Halliburton, one of the biggest oilfield services companies and serves the upstream oil and gas industry. Results of Halliburton along with its rival Schlumberger Ltd. (NYSE: SLB) are closely watched to get a birds eye view of the oilfield service industry's performance.
Peer Schlumberger reported that its fourth-quarter net income attributable to the company slid to $1.36 billion, from $1.41 billion a year before. On a reported basis, income from continuing operations totaled $1.37 billion, versus last year's $1.40 billion.
Excluding charges and credits, adjusted income from continuing operations attributable to Schlumberger was $1.44 billion or $1.08 per share. Revenue for the quarter advanced to $11.17 billion from last year's $10.30 billion. Analysts estimated revenues of $10.82 billion for the quarter.
Since Schlumberger's results were impacted by seasonal slowdowns and contract delays and new project start-up costs, the same should apply for Halliburton, as well. In North America, strong performance in the U.S. Gulf of Mexico overcame lower-than-expected activity in Canada and further weakening in the U.S. land markets.
Wall Street analysts polled by Thomson Reuters, on average, expect Halliburton's earnings to fall 39 percent to 61 cents from $1 earned in the fourth quarter of last year. Halliburton's earnings have topped the Street's view in all of the preceding four quarters while consensus estimates have dropped in the past 90 days from 62 cents.
Quarterly revenues are expected to remain flat with last year at $7.06 billion. For the year, revenue is projected to come in at $28.27 billion.
Investors should be looking for company's strategy to expand in international markets, and the outlook for the margins over the next two years.
Meanwhile, margins will be in focus as a series of crises drove investors from risk (Macondo, sovereign debt, Arab Spring, fiscal cliff) appear to be abating.
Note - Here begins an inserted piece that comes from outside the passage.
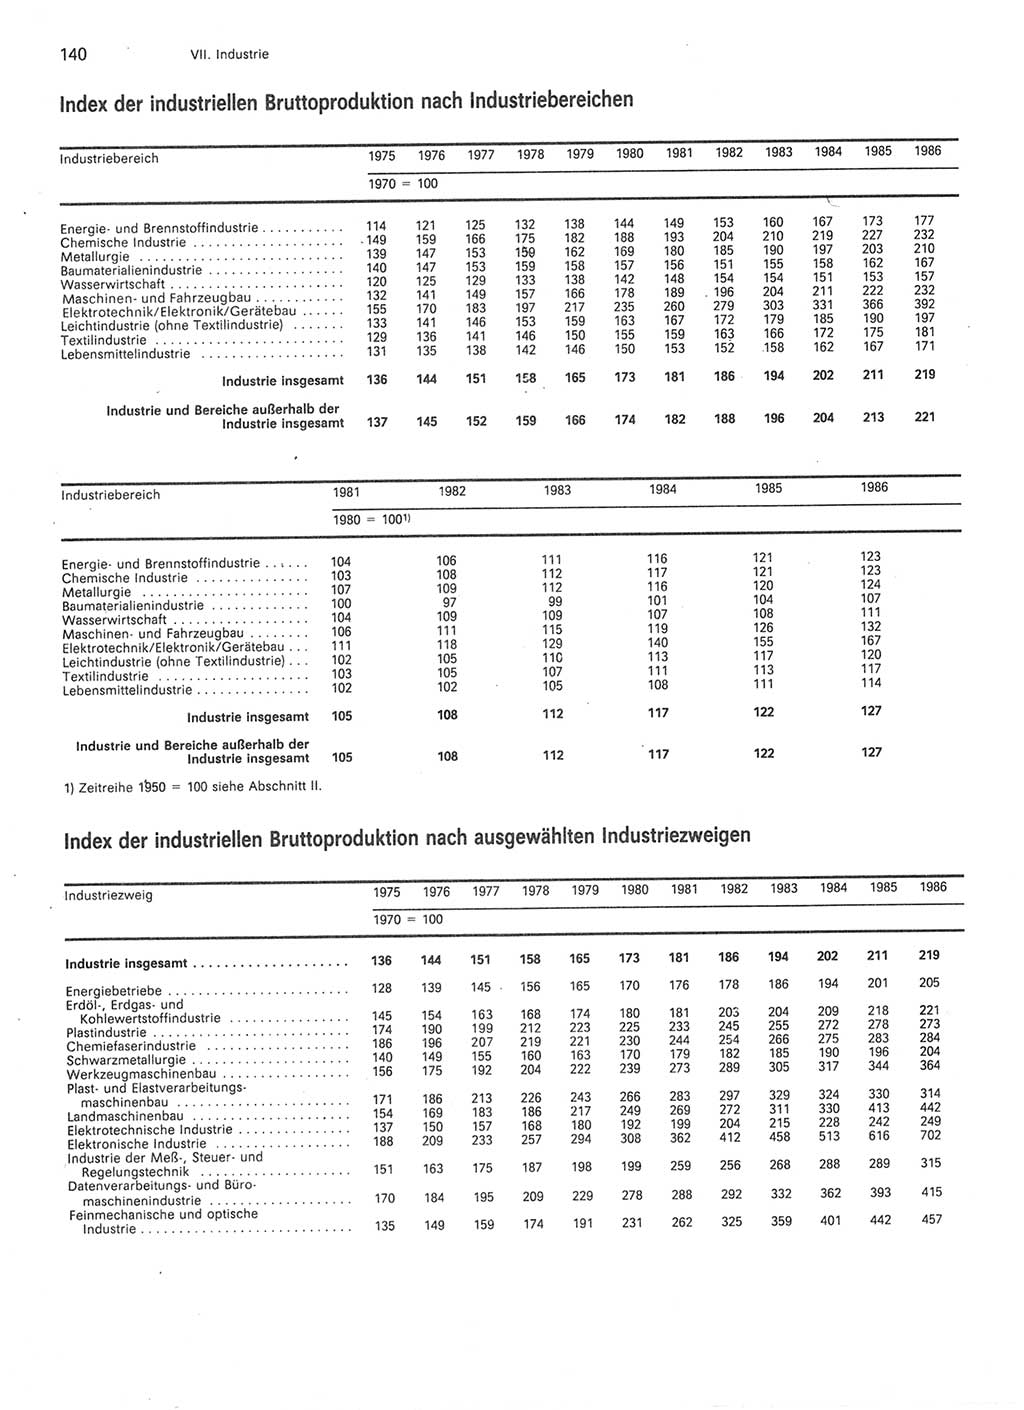 Statistisches Jahrbuch der Deutschen Demokratischen Republik (DDR) 1987, Seite 140 (Stat. Jb. DDR 1987, S. 140)

In North America, despite a slow start, profitability should surprise positively simply from a normalization of activity given the market's chronic under-estimation of the impact of utilization on margins.
"As the year progresses, we see positive momentum being sustained by a nascent recovery in the long-suffering natural gas market," Deutsche Bank analyst Mike Urban wrote in a note to clients.
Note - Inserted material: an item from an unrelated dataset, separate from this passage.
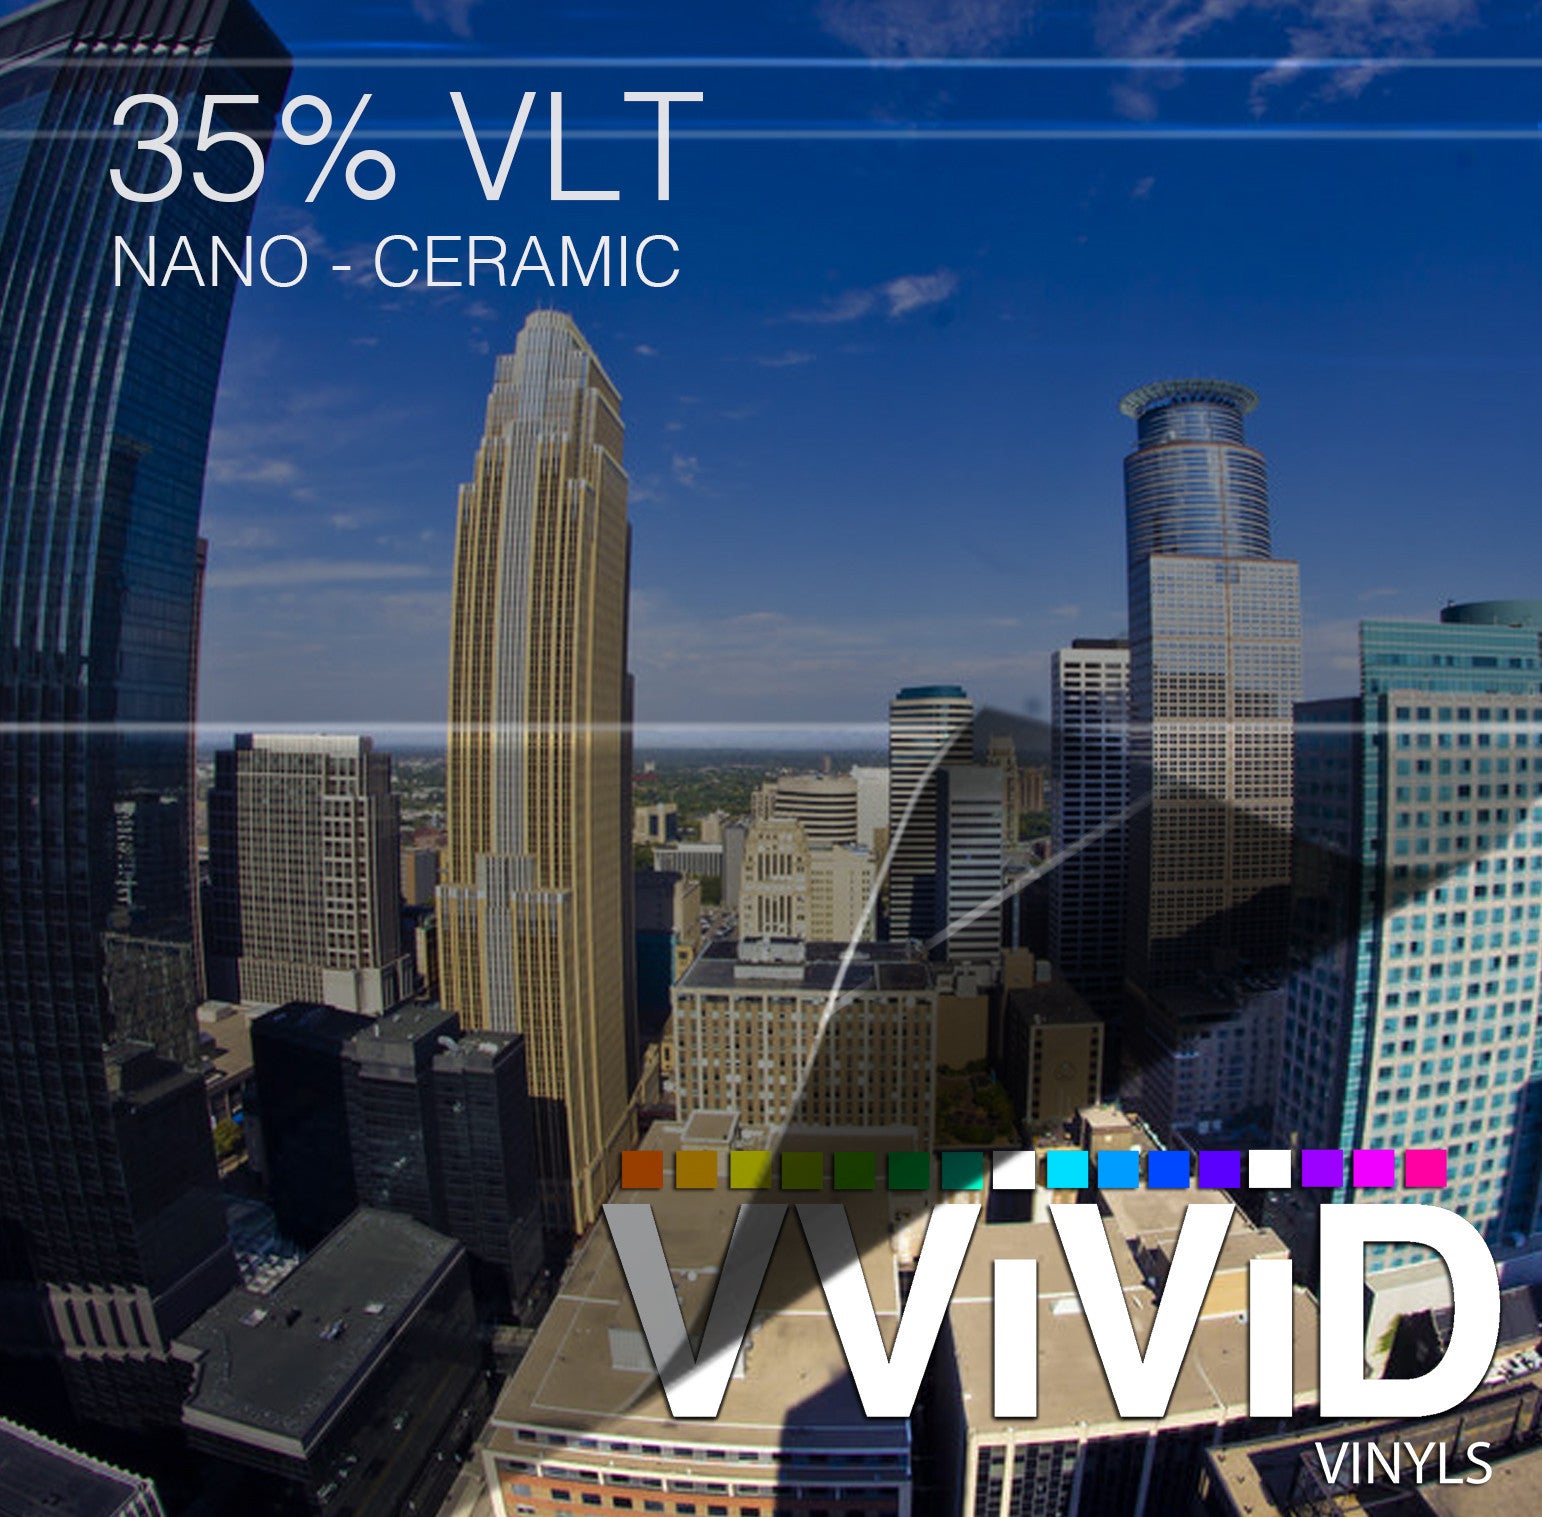 VViViD OPTIC Nano Ceramic Window Tint 35% VLT | Vvivid Canada

Halliburton is currently focusing more on the oil market as supply gluts and low prices are discouraging new drilling, and fracking operations in the natural gas market is lowering demand for new equipment.
Internationally, the activity recovery should remain slow and steady with margins finally turning the corner as operating leverage kicks in, old contracts roll and pricing improves.
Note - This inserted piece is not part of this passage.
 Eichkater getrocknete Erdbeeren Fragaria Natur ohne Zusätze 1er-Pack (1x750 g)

For the third quarter, Halliburton reported net income of $602 million or 65 cents per share, down from $683 million or 74 cents per share in the previous-year quarter. Excluding a $30 million after-tax acquisition-related charge and a $13 million after-tax gain from the settlement of a patent infringement case, it earned 67 cents per share. Total revenue for the quarter rose 9 percent to $7.11 billion.
Halliburton's U.S. rig count for the third quarter was down 2 percent compared to the prior-year period while Canada rig count declined 26 percent. The company, which supplies drilling equipment to both natural gas and oil companies, also saw activity reductions by some of its customers as they continued to moderate activity to operate within their stated 2012 budgets.
The stock, which has a P/E ratio of 12.7 times, has gained 20 percent in the past six months and is nearing its resistant price of $38.27. Out of 34 analysts covering the stock, 24 (71 percent) of them have a rating of "strong buy" or buy," while 10 analysts (29 percent) recommend "hold." There were no "sell" ratings on the stock.